世事政情

飛常談
04/08/2021

不可不與之交往的塔利班

#塔利班 #王毅 #大國博弈

  近日最震撼的國際新聞視頻之一,莫過於中國國務委員兼外長王毅與塔利班代表人員合影。之所以說震撼,是因為這似乎超越了一般國人所能理解和承受的程度。中國是一個非常注重自身價值理念的社會主義國家,而塔利班的國際形象則是一個政教合一的伊斯蘭原教旨主義組織。兩者怎麼看都是八竿子打不上,一如雙方合影人員在衣著氣質上的格格不入,以至於有包括內地網民在內的一些網評認為,中國與恐怖主義和極端主義的塔利班交好,不會有甚麼好前途。筆者倒認為,這才是考驗中國外交與政治智慧是否成熟的最佳考題。

 

(中國外交部官網圖片)

 

  首先,相近意識形態和價值理念的國家並不保障一定較好,歷史經驗告訴我們,這反而更加不利釐清彼此的利益糾葛和價值關係,反而造成更多的衝突。中國與前蘇聯難道不是意識形態相近的國家?還有中國與越南,中國與朝鮮,這些都曾經是「同志加兄弟」甚至有著「血盟」關係的鄰國,結果不一一鬧翻?乃至大打出手。中朝關係未至於武裝衝突,但也因為朝鮮領導層內有「延安派」的存在,以及如何處理與蘇聯東歐集團的關係,而變得非常緊張。
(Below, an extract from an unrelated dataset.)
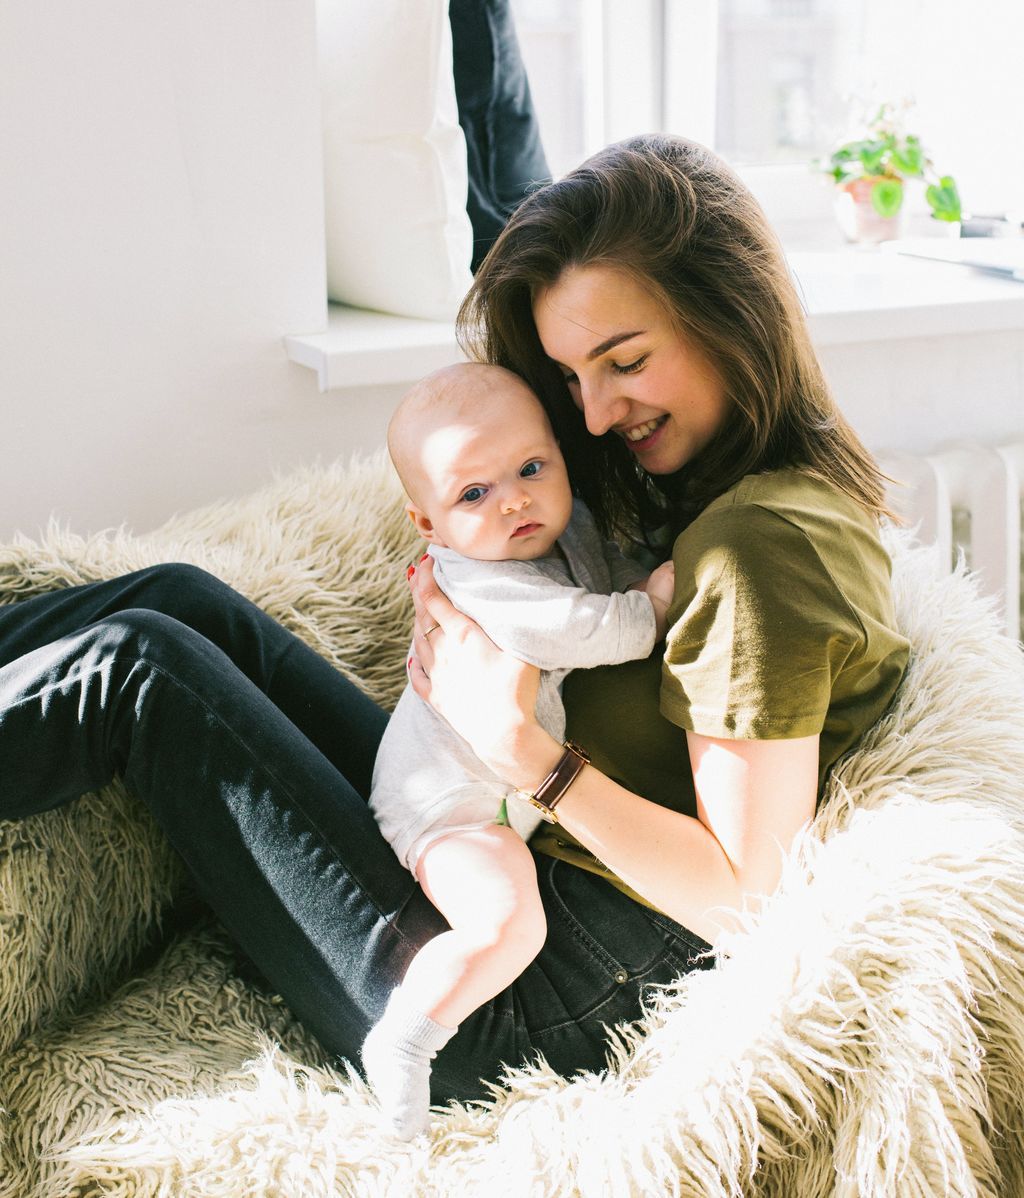 woman-in-green-shirt-holding-baby-while-sitting-698877

相近意識形態不僅不能保障彼此外交關係變得更為相互體諒,反而因為理念相近,使得彼此對雙方關係存在不切實際的期望:較強者希望成為較弱者的「老大哥」,較弱者卻利用「老大哥」的政治虛榮心,把「老大哥」的利益輸送和支援最大化,以至於「老大哥」有不堪負擔之憂。同時,較弱者並不甘心永遠成為小弟弟,領導層更害怕因為長期接受「老大哥」的援助而削弱了自己統治的合法性和偉大形象,因而輕則淡化與較強者的同盟關係,重則恩將仇報,反過來製造與較強者的邊境摩擦。一言蔽之,相近的意識形態反而成為掩蓋真正國家利益的障眼法,對彼此雙方都有害處。

 

  其次,與意識形態完全為敵、或者至少毫無價值相似性的國家交往,反而可以做到不是親兄弟、更能明算帳,清清楚楚交易、明明白白交往。當美國尼克遜總統訪華之時,毛澤東說自己喜歡與共和黨交往,就是因為當時的共和黨比民主黨更務實,不扯不必要的意識形態問題。另外在1949年,當中國人民解放軍已經掌握了國共內戰的全局之後,英國政府迅速研判到底應該如何在南京政府和新中國政府之間作出取捨。經過一番糾結之後,在1949年10月27日,英國內閣批准了外交大臣的備忘錄,其中有一條內容:「在中共牢固控制了大片國土,以及國民黨前景黯淡的情況下,(英國)承認中共政權為合法政府,是符合國際法原則的。」(官方檔案號:CAB128/16/62(49))可見,一個成熟的國家和領導人,是完全懂得應該如何同與自己格格不入的國家執政集團相處。

 

  最後,塔利班這個令人望而生畏的極端組織,卻與本拉登的阿爾蓋達組織並不完全一樣。阿爾蓋達是一個國際性的極端組織,成員的種族成分並不重要,關鍵是要服膺於他們所主張的伊斯蘭教義。但塔利班則幾乎是百分之百的普什圖人組織,並不是開放給別的部族加入的。儘管普什圖人佔阿富汗整體人口的四成左右,不具備壓倒性,但卻掌握了大部分的國土。儘管阿富汗現有政府和不是普什圖人的北方聯盟並不買塔利班的帳,但如果完全拒絕與其接觸,則等於放棄對其保持必要的認知和了解,等於放棄通過建立關係而有效管控彼此必然存在的分歧。中國當然不會大規模進入阿富汗和干預其內政,何必重蹈進入帝國墳場者的覆轍。但不干預,不等於完全不接觸。更何況南邊的印度,西邊的土耳其,已經相繼進入阿富汗,不僅僅是資金的進入,更有軍事人員的進入。同時塔利班又分裂出一個巴基斯坦塔利班,頻繁在巴基斯坦這個中國鐵桿盟國的邊境有所行動。因此,與塔利班接觸交往,和完全拒絕接觸交往,兩者相比較,孰利孰弊,一目了然。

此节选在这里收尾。